05 The Mirage of Total Certainty: The Reality of Lean 4 at Scale

If dependent types and formal systems can completely eliminate under-specification, why don't we formally verify every piece of enterprise software? Platforms like Lean 4 have made massive strides in usability, yet full-blown formal verification remains less than uniformly applicable for large software systems (Yang et al., 2023).

AWS Cedar, Aeneas, Veil & Loom, the Cairo Zero-knowledge language have all benefitted from Lean-based verification to various degrees. These projects are in the tens of thousands of lines of code scale-wise. The biggest effort is the Lean 4 self-hosting compiler (150,000 to 200,000 LOC). Needless to say, these are significant manual efforts that benefit from LLM-based automation but require careful guidance.

First, there is a specification inversion. To mathematically prove that an AI-generated system is 100% correct, you must first write a flawless, comprehensive formal specification of what it is supposed to do. For a chaotic, real-world application, writing that formal specification is often significantly harder and longer than writing the application itself. We haven't eliminated under-specification; we have simply shifted the burden of absolute precision onto the mathematical specification. Furthermore, when writing code without the help of LLMs, the developer is developing a mental specification in parallel with developing code – the intellectual work required to write specs is likely significantly higher on a line-by-line basis than that of writing code.

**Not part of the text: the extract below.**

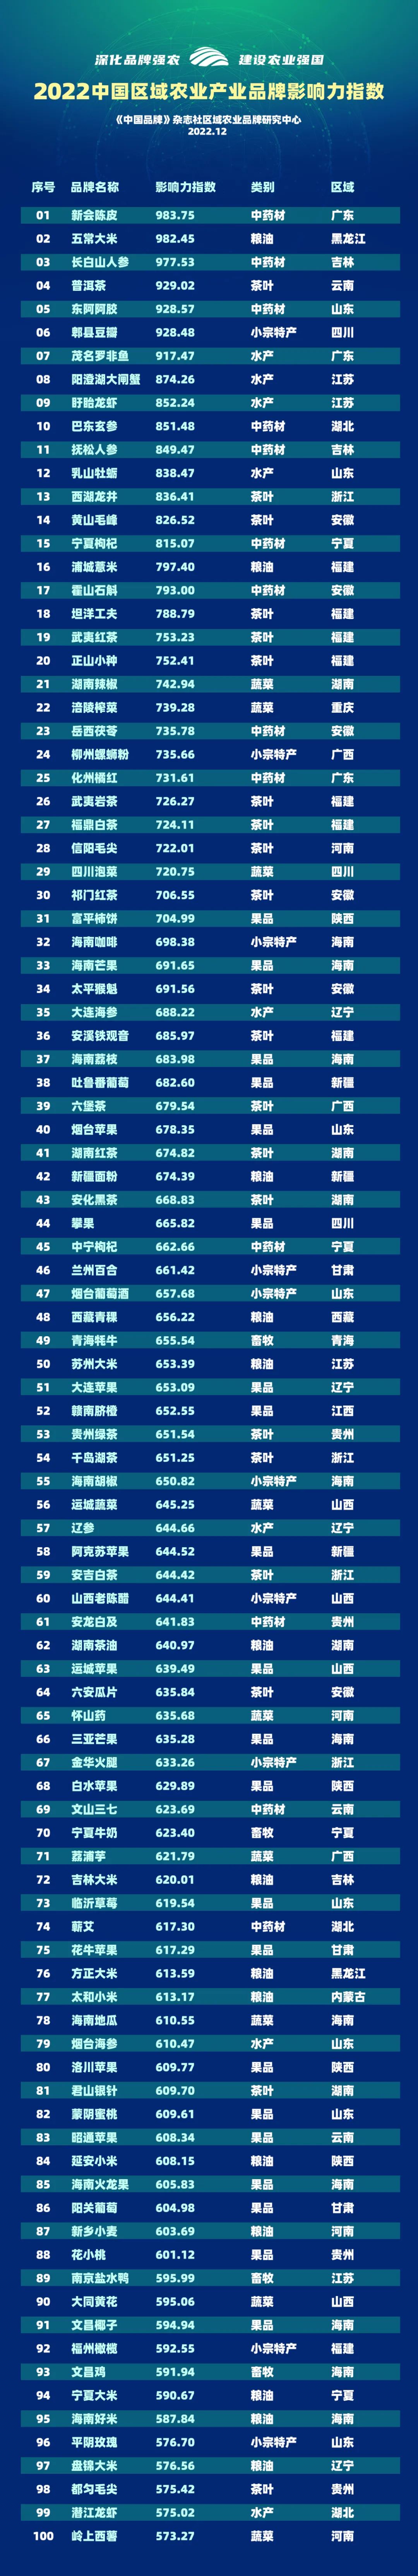 “2022中国区域农业产业品牌影响力指数TOP100”权威发布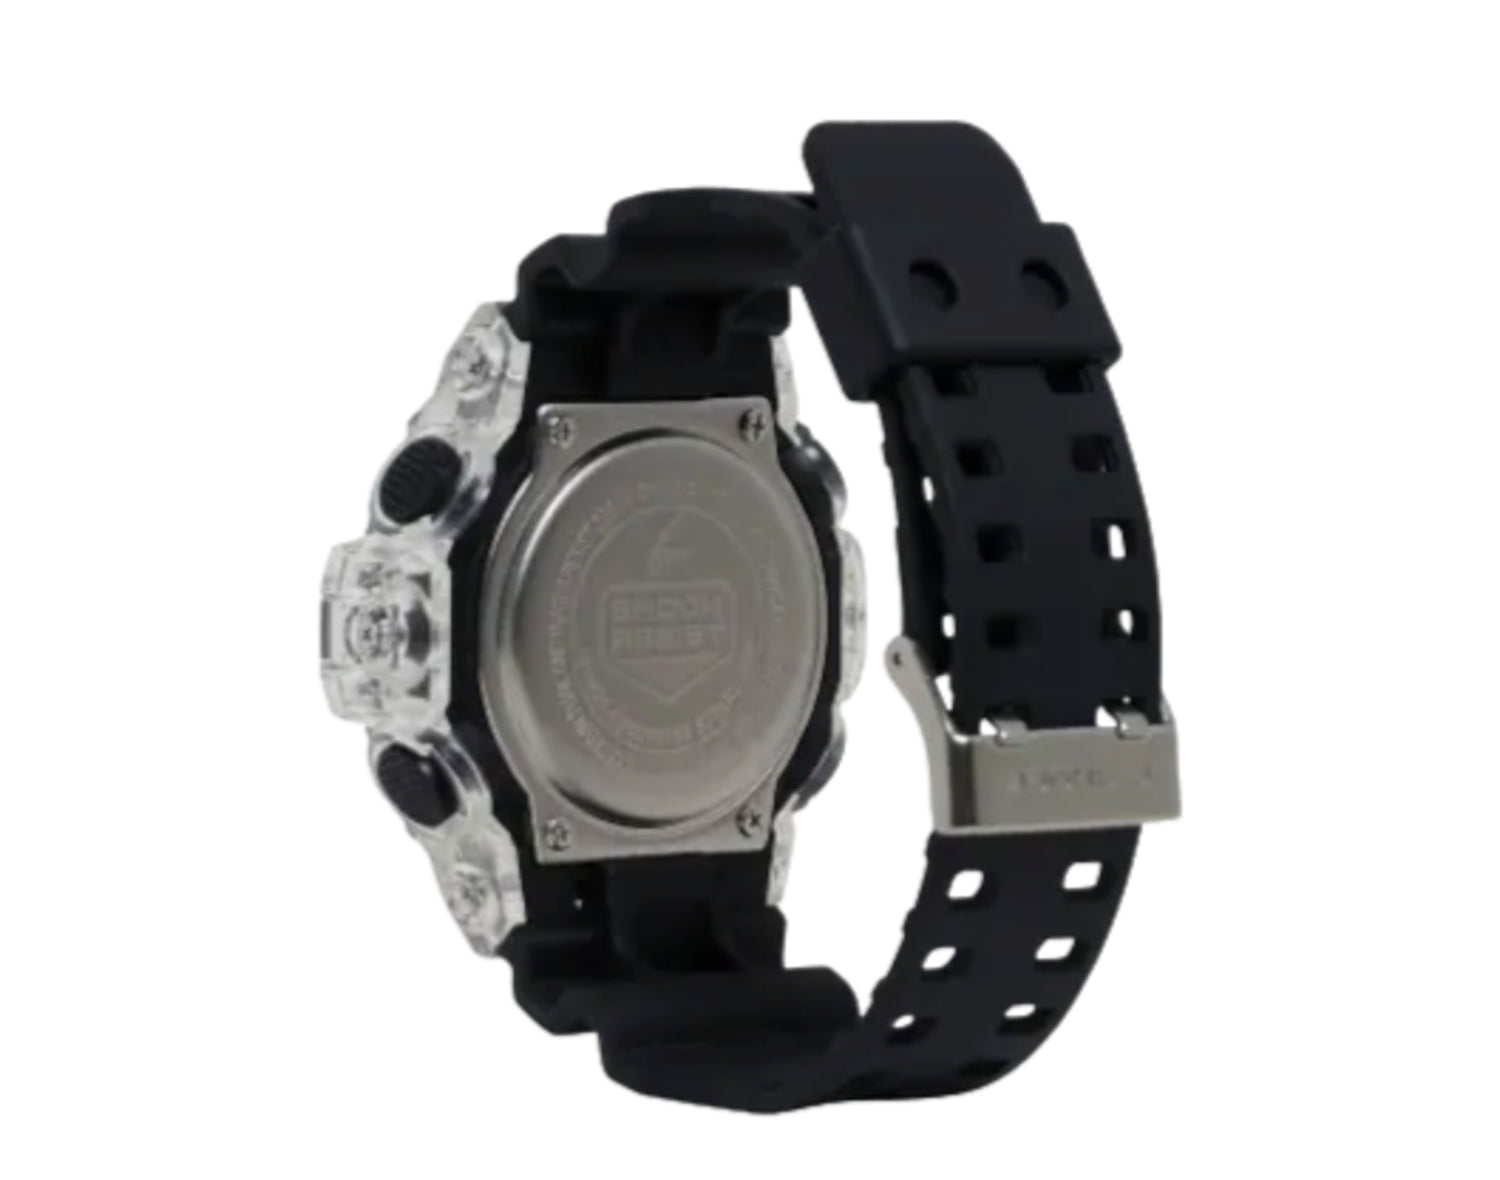 Casio G-Shock GA700SKC Analog Digital Resin Watch

Second, the boundary problem presents a significant challenge. Modern software development involves balancing a rigorous, mathematical core with a complex and often unverified exterior. While tools like Lean can produce perfectly verified cryptographic primitives or consensus engines, these components must ultimately interact with less predictable processes like database operations, JSON parsing, and caching. Given that both legacy and AI-generated systems rely heavily on open-source libraries, analyzing a codebase composed of multiple languages and diverse dependencies is inherently difficult.

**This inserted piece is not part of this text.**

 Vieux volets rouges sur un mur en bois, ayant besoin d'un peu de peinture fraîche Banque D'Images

06 The Modern Engineer's True Imperative

As Michael Truell has noted, the nature of software development is undergoing a fundamental shift. The future of engineering doesn't belong to those who view LLMs as magic black boxes, nor to those chasing the unattainable ideal of absolute mathematical verification for every trivial microservice. Instead, the modern engineer's role is to architect the boundaries. By synthesizing the creative velocity of LLMs with rigorous type systems, property-based testing, and targeted formal verification, we can effectively navigate the challenges of under-specification. This approach enables us to build robust, reliable systems even when relying on complex, external components. Yet, this jagged frontier remains most decidedly uneven; its efficacy depends heavily on the specific domain, the tech stack, and the implementation language.

References

George, R., Huang, S., Song, P., & Anandkumar, A. (2026). LeanProgress: Guiding search for neural theorem proving via proof progress prediction. arXiv:2502.17925.
Kogler, P., Wei, C., & Haselboeck, A. (2026). Towards neuro-symbolic constrained decoding for reliable code generation with LLMs. Companion Proceedings of SE 2026, Lecture Notes in Informatics (LNI).
Livshits, B. (2026). LLMs + security = trouble. arXiv:2602.08422.
Ma, F. (2025). Logically constrained decoding. Proceedings of the 2025 Conference on Human Language Technology (ACL Anthology).
Maaz, M., DeVoe, L., Hatfield-Dodds, Z., & Carlini, N. (2026). Finding bugs across the Python ecosystem with Claude and property-based testing. arXiv:2510.09907.
Truell, M. (2026). The next era of AI coding [Video]. YouTube. https://www.youtube.com/watch?v=8h9j2rskP14
Yang, K., Swope, A. M., Gu, X., Chalamala, R., Song, P., Yu, S., Godil, S., Prenger, R., & Anandkumar, A. (2023). LeanDojo: Theorem proving with retrieval-augmented language models. arXiv:2306.15626.